Years ago I read an article about the ability to feel compassion. The article said that preteen kids, before they get interested in the other sex, normally went through a stage where they were interested in pets and playing with younger siblings, baby dolls, stuffed animals, etc. With children becoming interested in the opposite sex, dating, and sex itself at younger ages, the period for development of compassion has been shortened. The article explained this was linked to the increase in violence in our society (A factor - not the ONLY factor).
You hear people say that you can't legislate morality. Without debating whether or not you can do that, IMHO you can model and teach it, prevent interference with development of it, and provide consequences.
Unfortunately, it has become quite trendy to deny that adultery is harmful. The betrayed spouses are often just expected to "get over it" and some even view the betrayed spouse's depression as evidence that the betrayed spouse is mentally unstable, rather than the adulterers.

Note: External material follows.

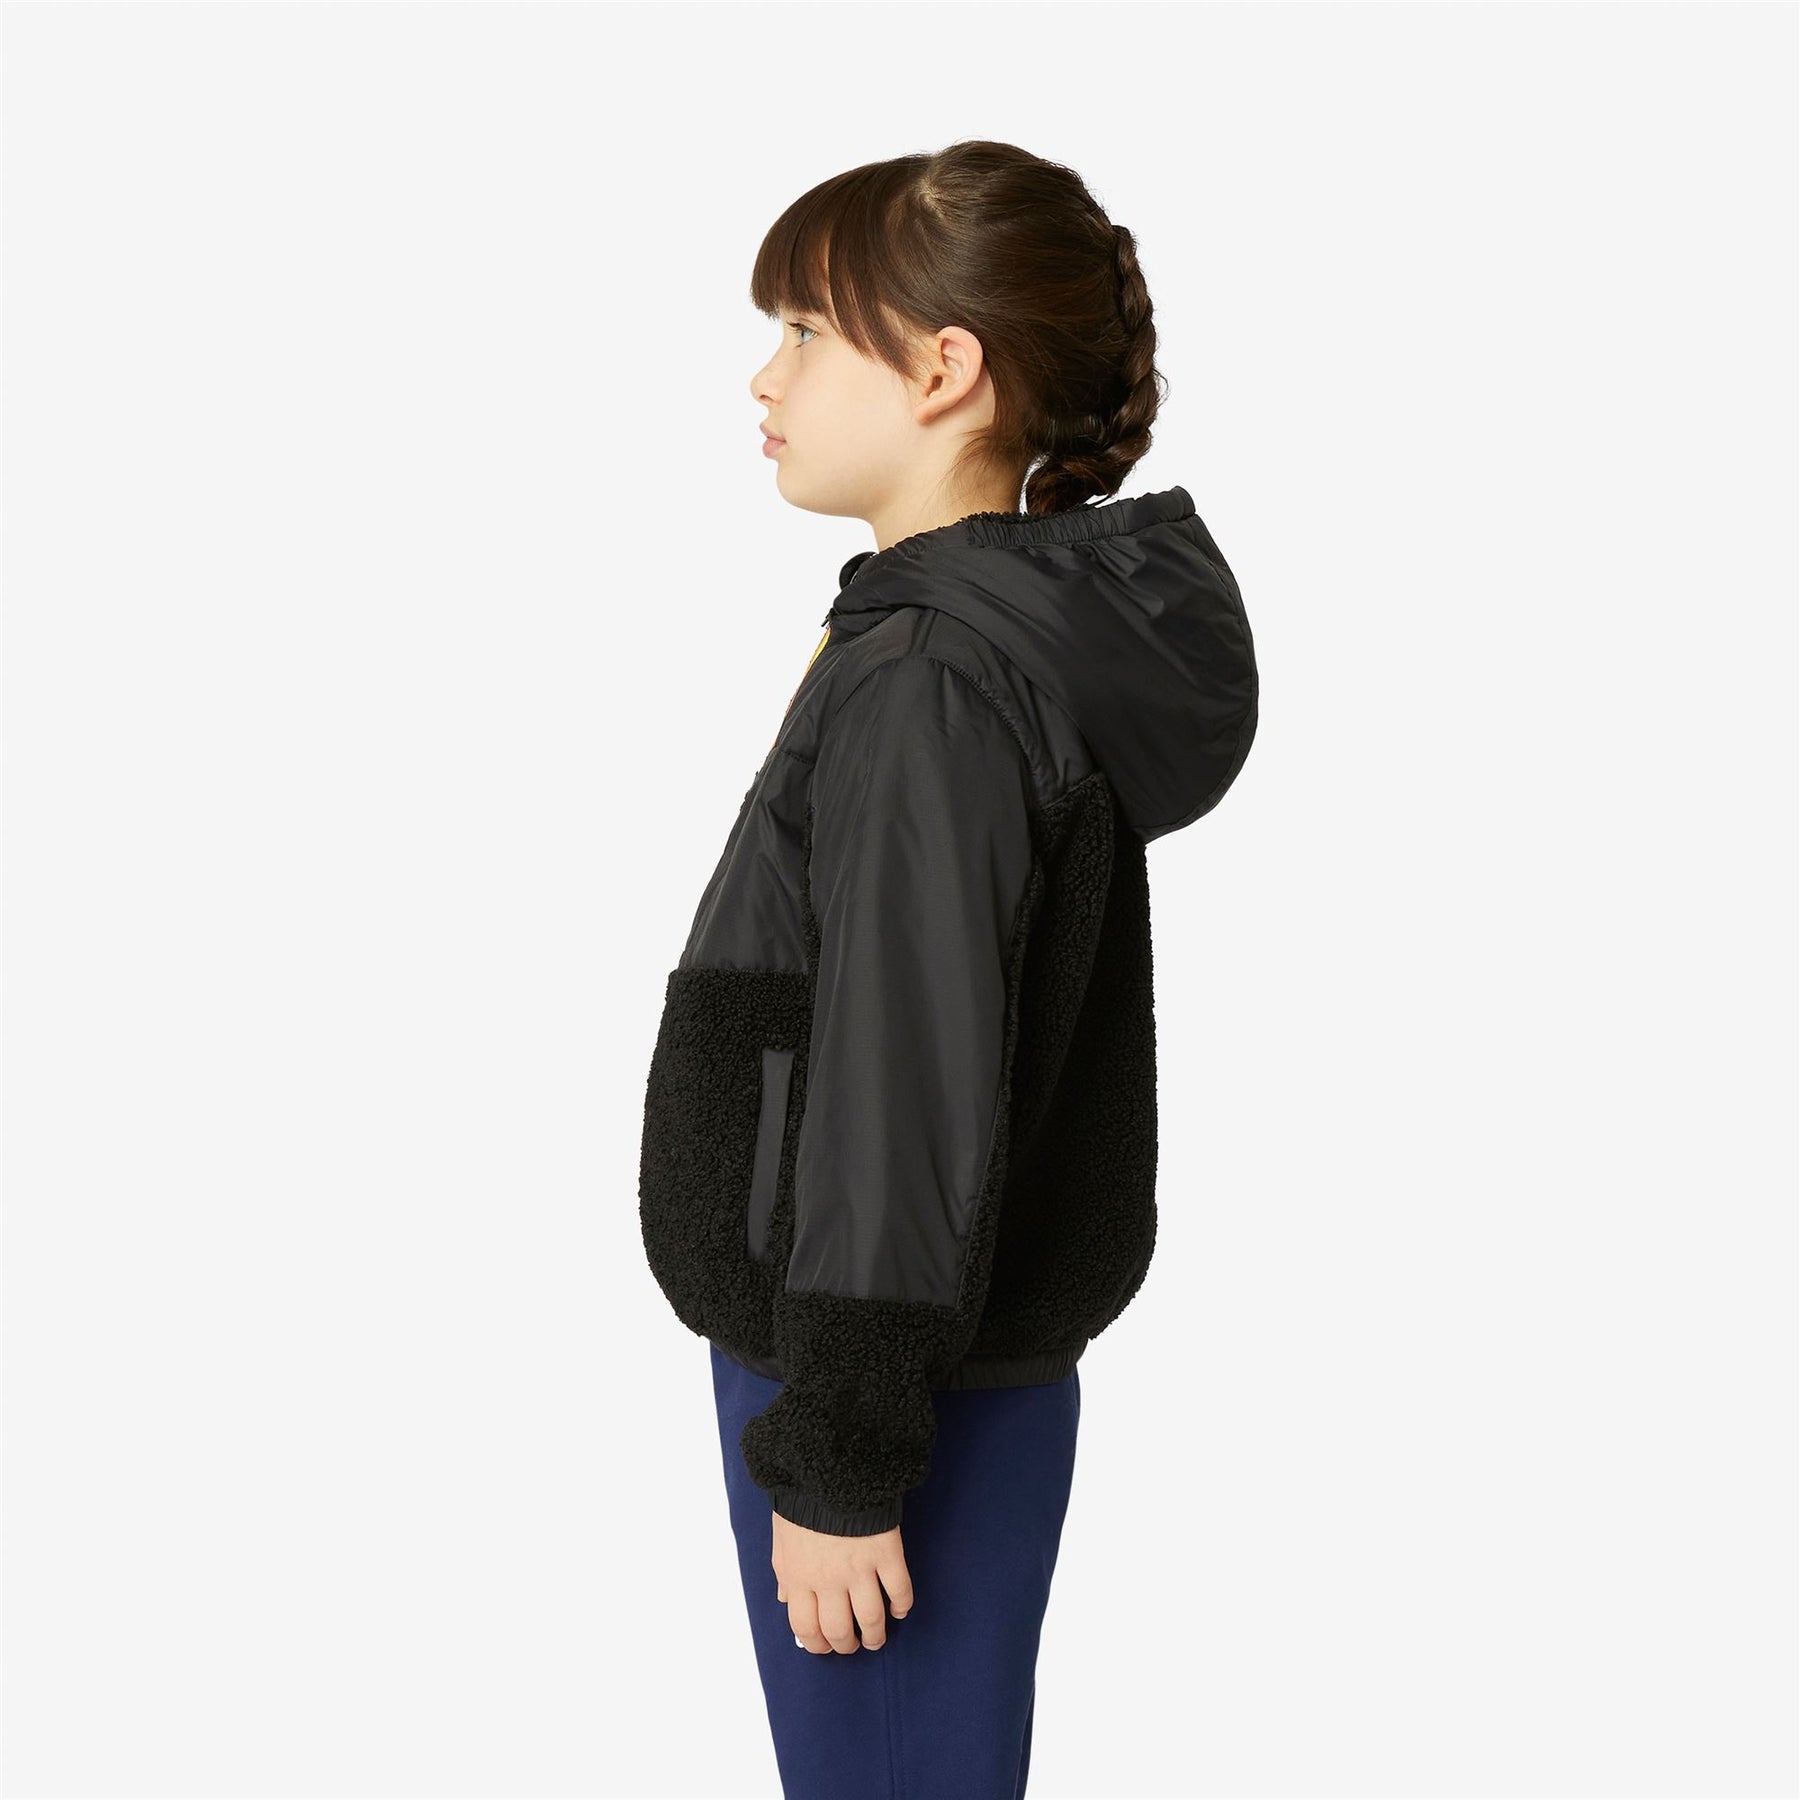 Neige Orsetto - Kids Fleece Top in Black

Also, the betrayed spouse is expected to shield the adulterers from any consequences. Esppecially harmful is the belief that adultery and divorce doesn't really hurt the children AND that if the children show signs otherwise it must eb the betrayed spouse's fault (betrayed spouse must have turned the children against the wayward spouse).
IMHO there needs to be much more public education about how harmful adultery/divorce is, not just to the betrayed spouses, but also to the children, society in general, and even to the adulterers themselves.
It would also help if people would speak up more against adultery/divorce (be 'judgemental').